I've been away from writing for a good few months now but I've set it as my resolution this year to get back on track. I first want to polish up my already existing short story and attempt to publish it somewhere and then depending on how that goes start my larger project of creating a fantasy world which I intend to create a wiki page on that I will develop over the course of time.

I have heard of sites such as lulu, but other than that I have an extremely limited knowledge of how publishing works at all. So I ask for some guidance on where I should turn to and what I should do. Any help or assistance you can offer me would be extremely helpful. Grazzie.


----------



## A. E. Lowan (Dec 30, 2013)

Good questions, but this post probably belongs in the Publishing forum, down below.


----------



## SmokeScribe98 (Dec 30, 2013)

Oh sorry, thanks for moving it.


----------



## AnneL (Dec 30, 2013)

Worlds Without End has a pretty comprehensive list of SFF mags: https://www.worldswithoutend.com/resources_magazines.asp.

An EXCELLENT site for people to learn how the industry works and avoid getting screwed is Writer Beware: WRITER BEWAREÃ‚Â® | SFWA.

Submit to agents/editors who publish what you like.

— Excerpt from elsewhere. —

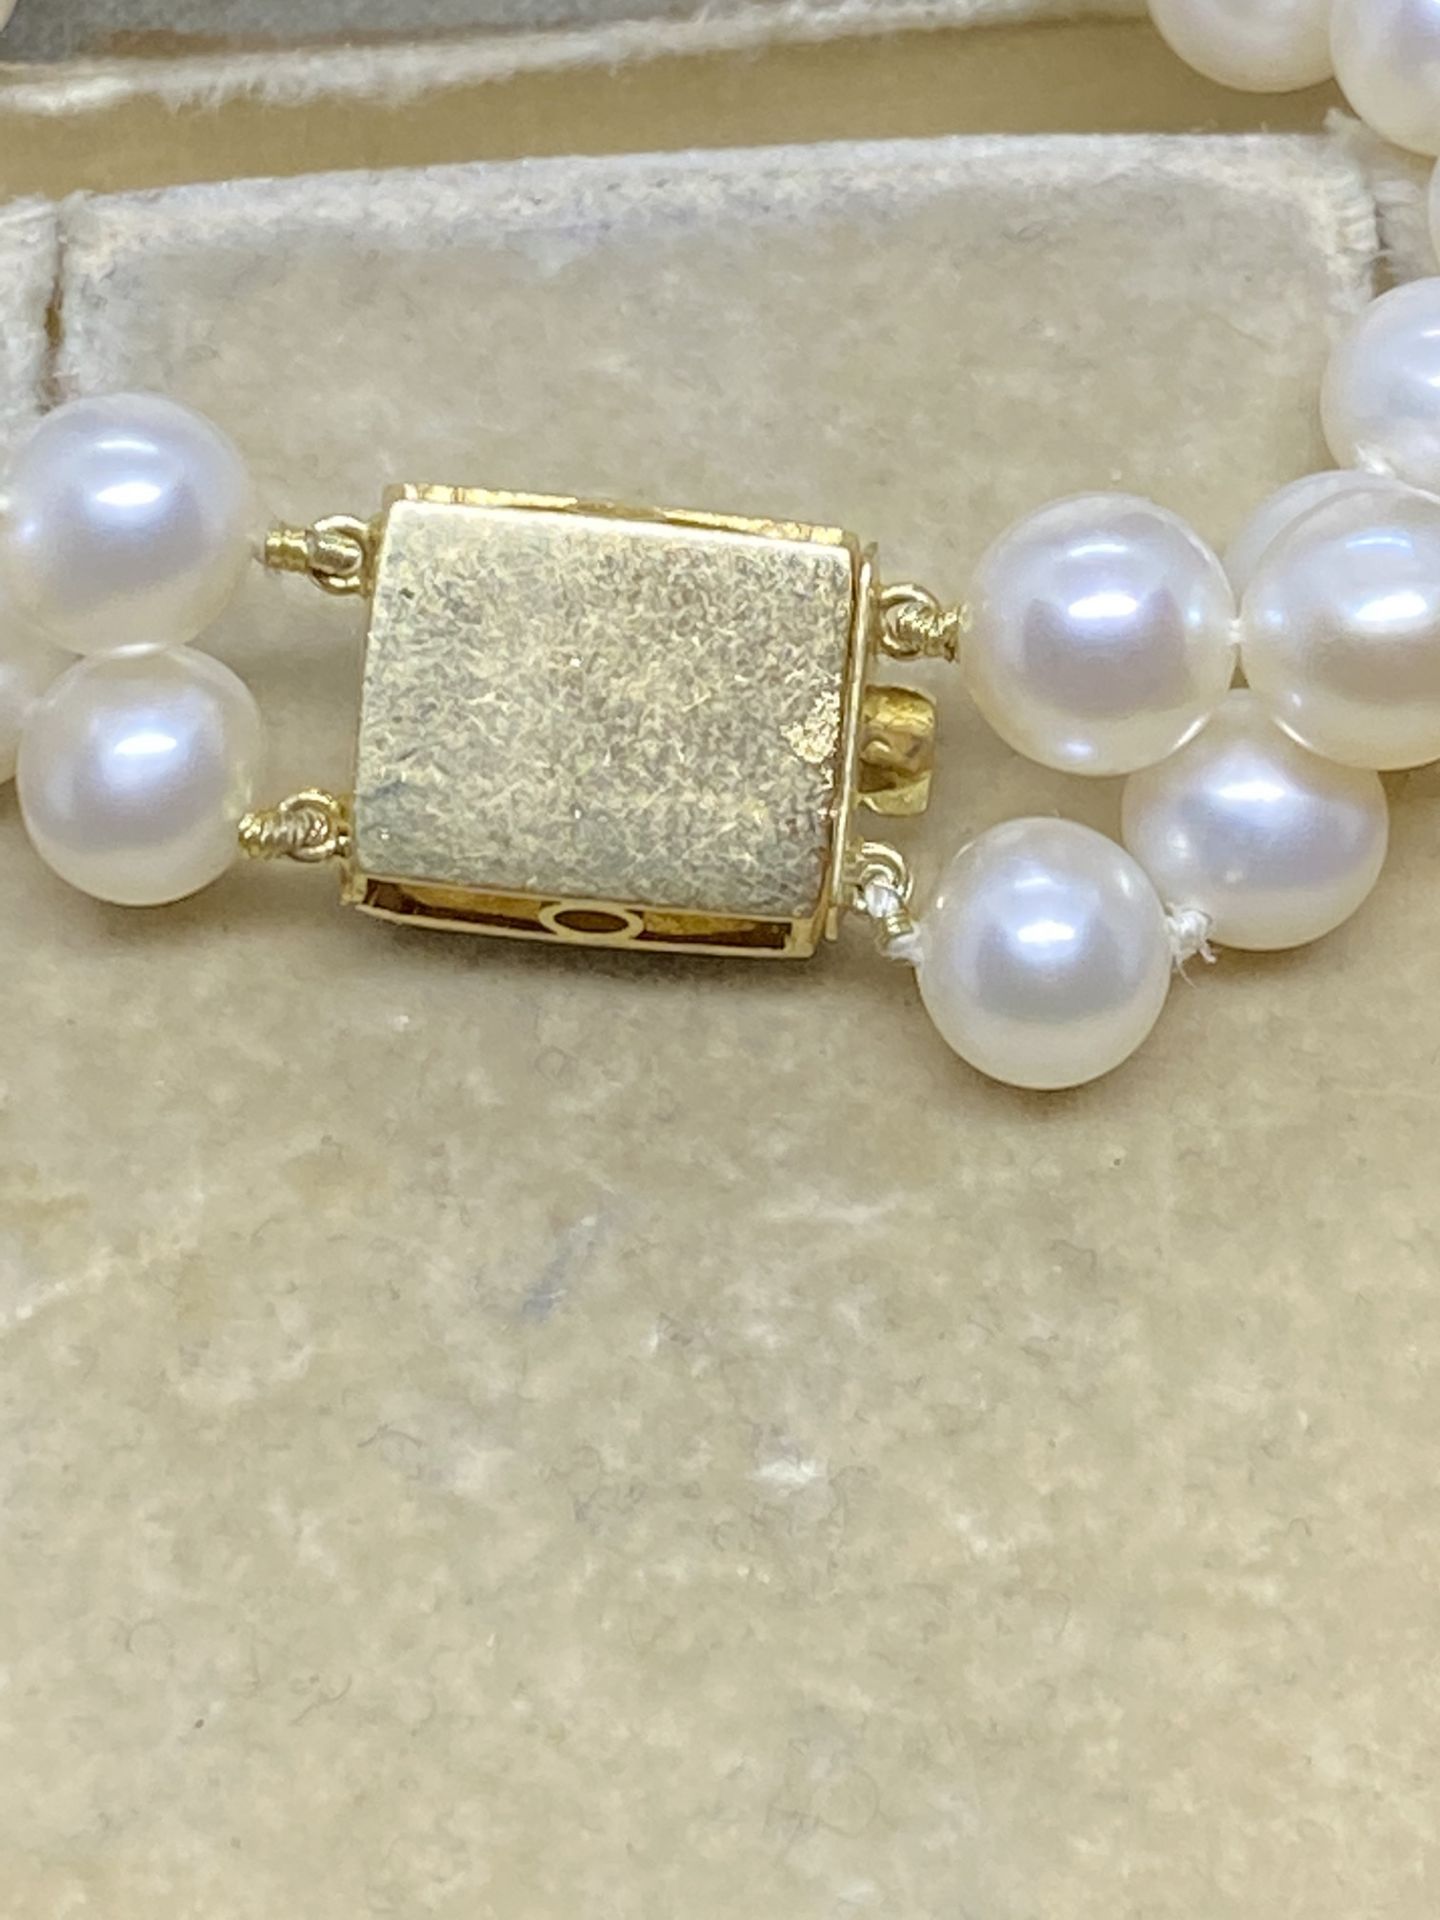 CULTURED PEARL NECKLACE WITH 18ct GOLD CLASP - Image 5 of 6

Don't worry about comparing your style or specific content, target your submissions to people whose taste in reading is similar to yours.


----------



## TWErvin2 (Dec 30, 2013)

To supplement what AnneL said above:

You can also find markets for your short story or stories and long fiction (but not agents, just publishers) at: Ralan.com .


----------



## SmokeScribe98 (Dec 31, 2013)

What I'm wondering is, what's the best and easiest way for me to present the short story to the largest amount of people? On lulu, in a magazine, or some other means?


----------



## Motley (Dec 31, 2013)

Getting a story published in a magazine or emag with a large reader base is probably the best way. If you self-publish, how many people it gets in front of will be entirely up to your marketing efforts.


----------



## danr62 (Dec 31, 2013)

A recommendation I hear often is to submit short stories to paying markets. Then, when the rights revert after a few months (usually) or if no one buys the rights after you'be shopped them around a bit, you can self publish a collection of stories on Kindle.


----------



## SmokeScribe98 (Dec 31, 2013)

I've also been wondering if entering it in as a competition entry might also be a good idea?


----------